Any suggestions as to how to do this quickly? Thanks a lot!
Upvotes: 7
Views: 4753
Reputation: 28461
---- update -----
Thanks Colonel Beavel. What an elegant solution. I will def use Filter
more.
I want to check a speed solution too just in case time is an important factor:
locator <- apply(df1, 2, function(x) grepl("correct|wrong", x))
index <- apply(locator, 2, any)
newdf <- df1[,!index]
I expanded your data frame to 500,000 columns:
dftest <- as.data.frame(replicate(500000, df1[,1]))
Then tested the system time for a function with apply
, Filter
with grepl, and Filter
with pattern %in%:
f <- function() {
locator <- apply(dftest, 2, function(x) grepl("correct|wrong", x))

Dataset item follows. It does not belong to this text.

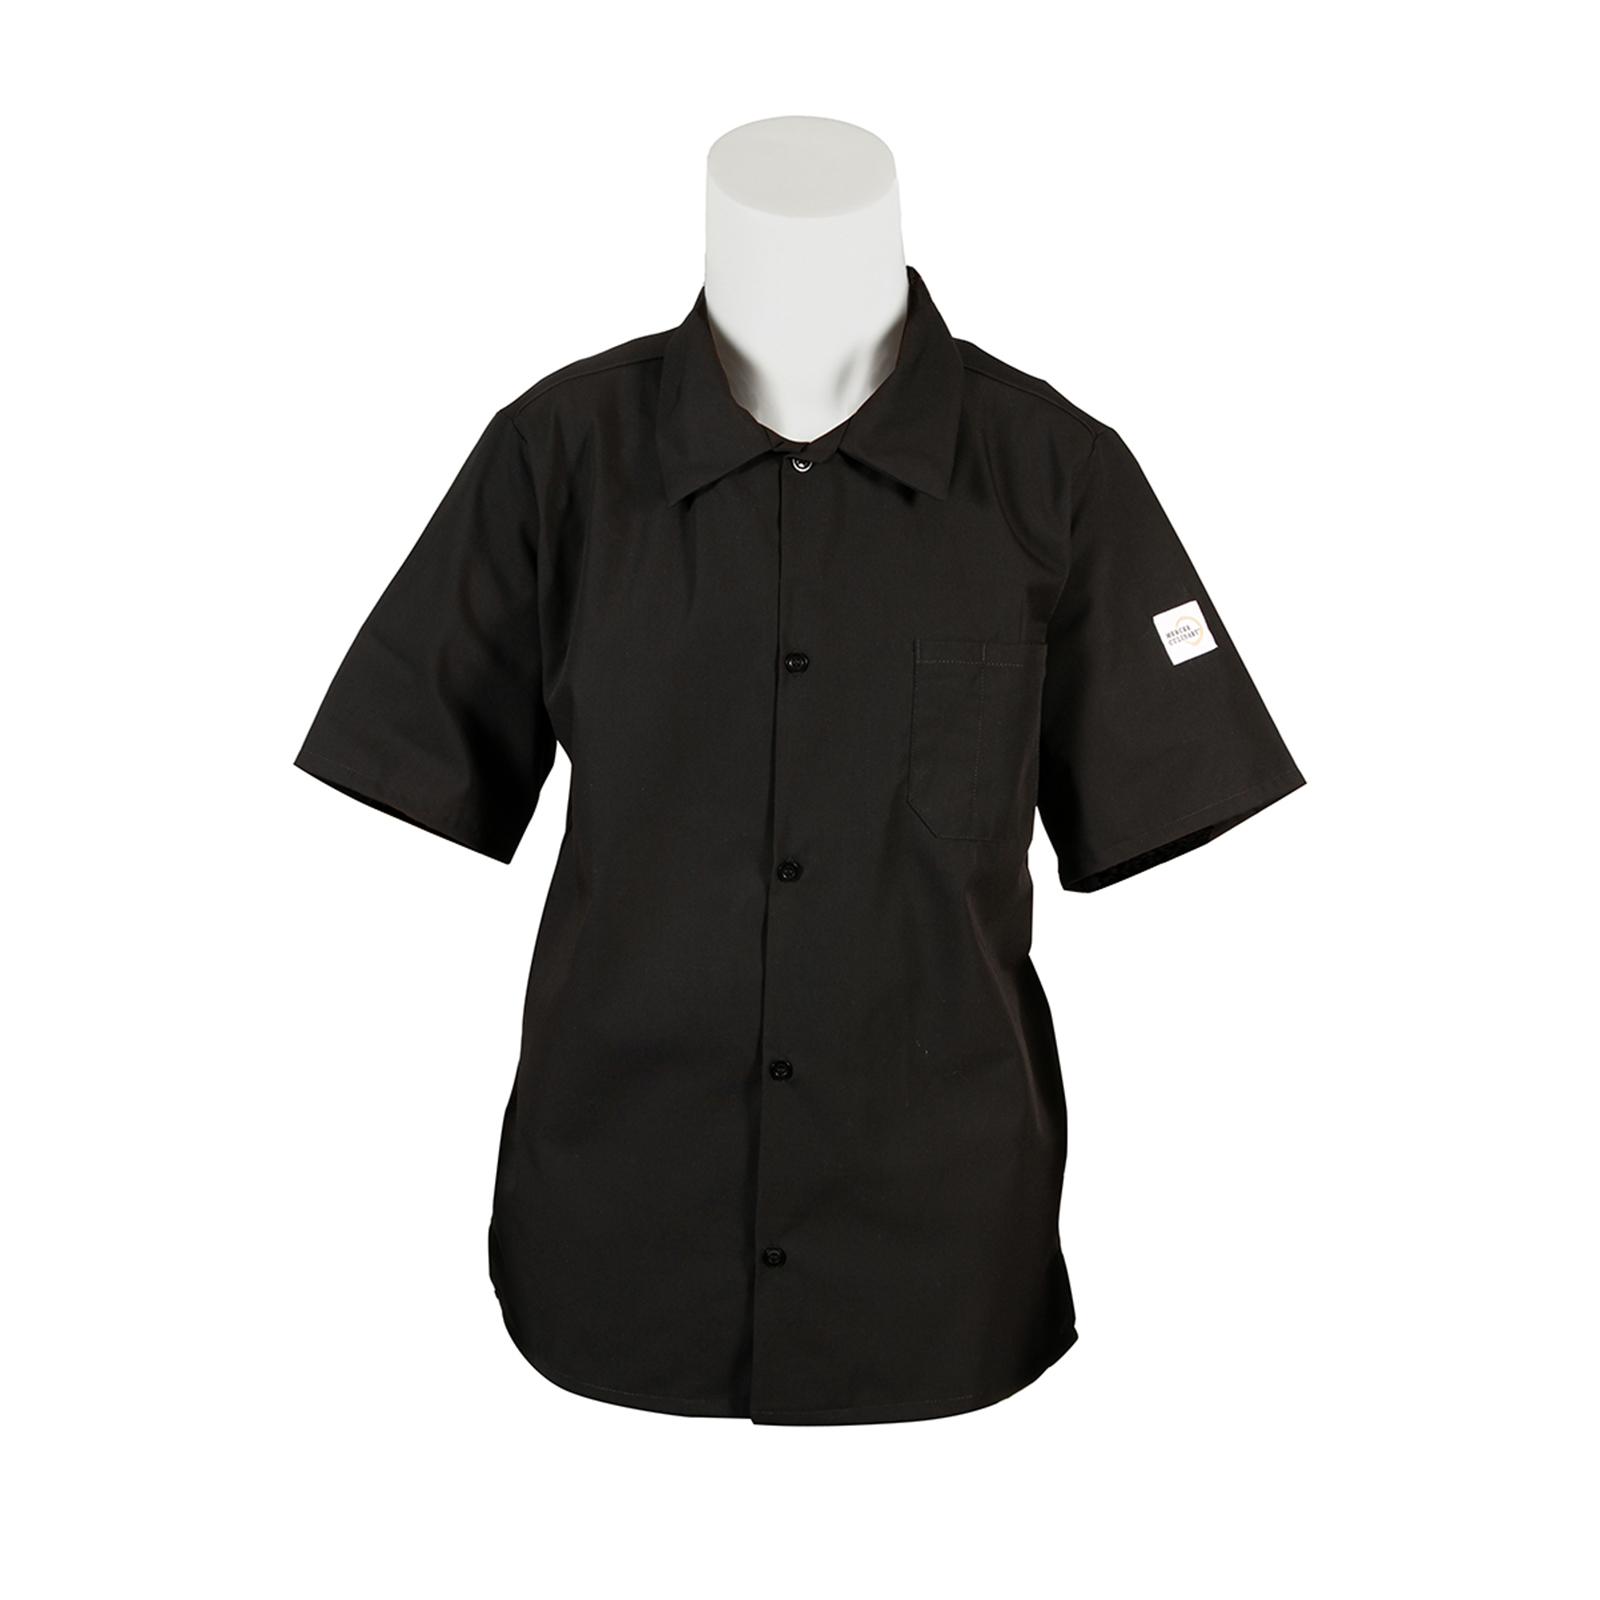 Mercer Culinary M60200BKL cook's shirt

index <- apply(locator, 2, any)
newdf <- dftest[,!index]
}
f1 <- function() {newdf <- (Filter(function(x) any(c("wrong", "correct") %in% x), dftest))}
f2 <- function() {newdf <- Filter(function(u) any(grepl('wrong|correct',u)), dftest)}
system.time(f())
user system elapsed
24.32 0.00 24.35
system.time(f1())
user system elapsed
2.31 0.00 2.34
system.time(f2())
user system elapsed
8.66 0.01 8.71
Colonel's solution is by far the best one. It's clean and performs best. --credit @akrun for data.frame suggestion.
Upvotes: 2
Reputation: 31181
You can use base R
Filter
which will operate on each of df1
's columns and keep all ones satisfying the logical test in the function:
Filter(function(u) any(c('wrong','correct') %in% u), df1)
# a c
#1 correct wrong
#2 wrong wrong
#3 wrong wrong
#4 correct wrong
You can also use grepl
:
Filter(function(u) any(grepl('wrong|correct',u)), df1)
Upvotes: 9